I Tested Qwen Image's Text Rendering Claims. Here's What I Found.

This week Alibaba released Qwen Image, an open-weights (Apache 2) model that claims to support image editing that can match a described style, and better support for generating text. All while fitting into a chat experience. I took a day to experiment with the new model by generating our mascot, Ty. It went… well, you can compare the main image here to our other blog posts.
I read the paper so you don’t have to, and I have a take.
Introduction
I've been messing around with image generation models since Stable Diffusion v1 was released in 2022. I like to keep up with the latest models even though I'm not using image generation models on my own blog anymore. I generate most of the illustrations on the Tigris blog, and I've settled on this cheerful pseudo-manga style that is flexible enough to generate reliably. One of the main downsides with this style is that it heavily relies on gpt-image-1 with multimodal inputs, a closed model that I can’t run myself.
I wanted to like Qwen Image: improved text rendering and the claim of a conversational editing flow usually means I can’t run the models myself. But with Qwen, I can do it on my own hardware privately. However, the images just weren’t consistent stylistically, even with consistent prompting. And checking their Hugging Face page, the image editing features were nowhere to be found.

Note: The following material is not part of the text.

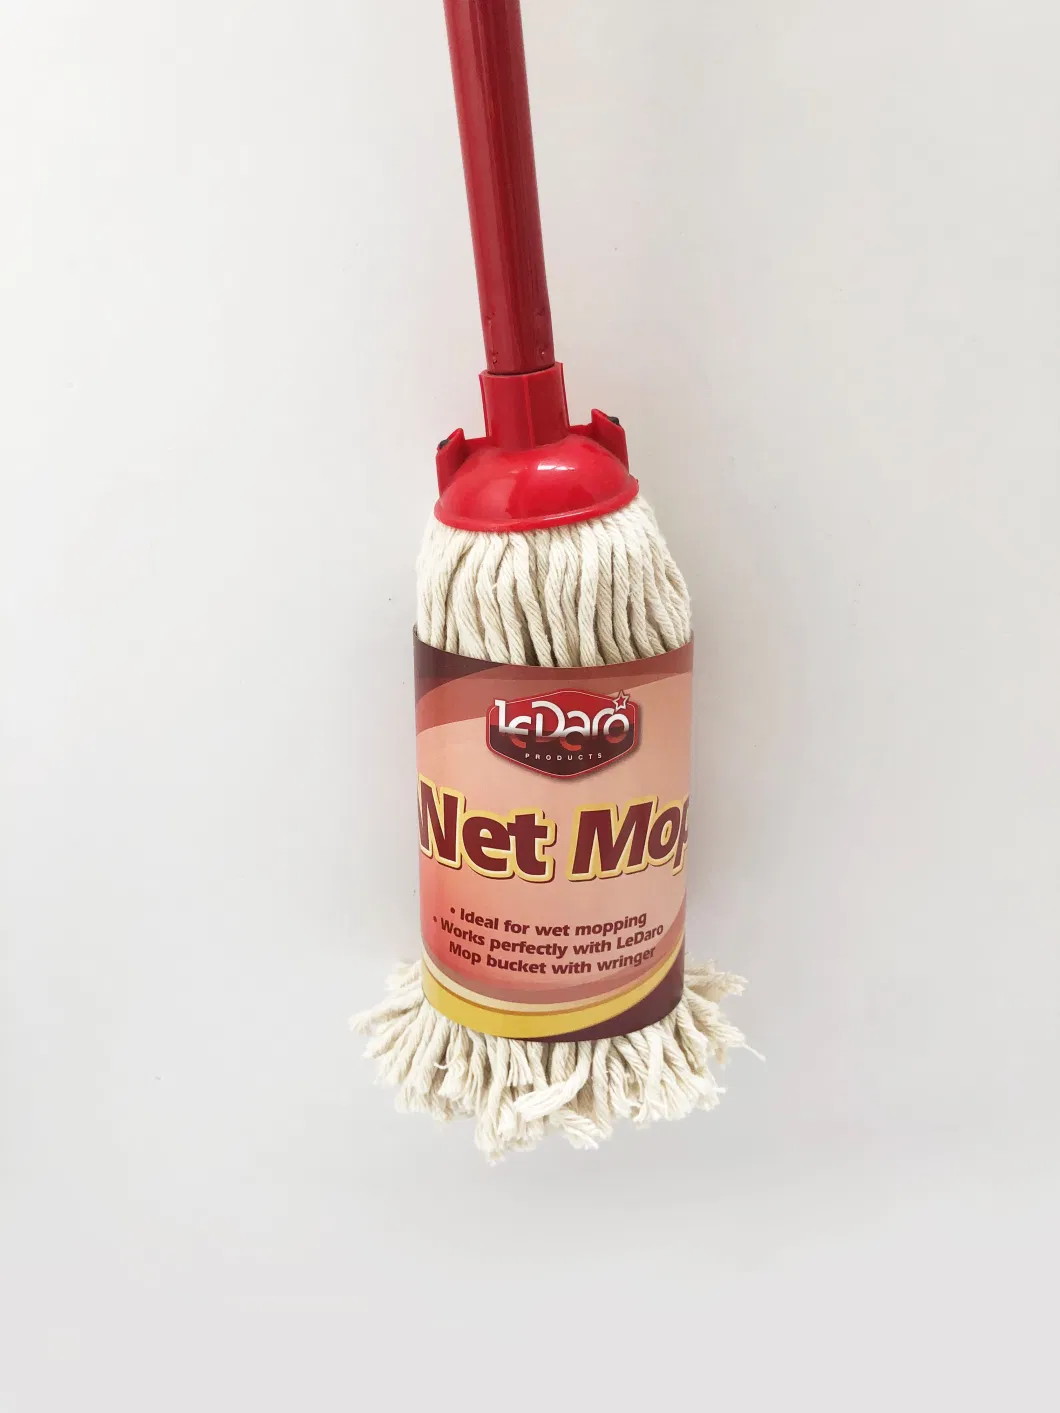 Wholesales Price Cotton Mop Natural White Mop Head 200 Grams In70% Cotton&30% Polyester Cotton Yarn 12ply for All Floor Cleaning

To tease us further, in the Qwen Image paper, they claim:
We further train a multi-task version of Qwen-Image for image editing (TI2I) tasks, seamlessly integrating both text and image as conditioning inputs.
Section 5.2.3: Performance of Image Editing (page 23)
I understand that there’s a race to announce new features before competing models, but I believe in actually testing out new tools before I have an opinion. I would love to try Google’s new world simulation model, too. However:
We believe Genie 3 is a significant moment for world models, where they will begin to have an impact on many areas of both AI research and generative media. To that end, we're exploring how we can make Genie 3 available to additional testers in the future.
This is PR speak for “you’re never going to see this in a product.”
All I can say is: it’s cool AI tech is moving so fast. But without actually trying these features out myself, I truly don’t know how fast it’s actually going. Especially with something as qualitative as image generation.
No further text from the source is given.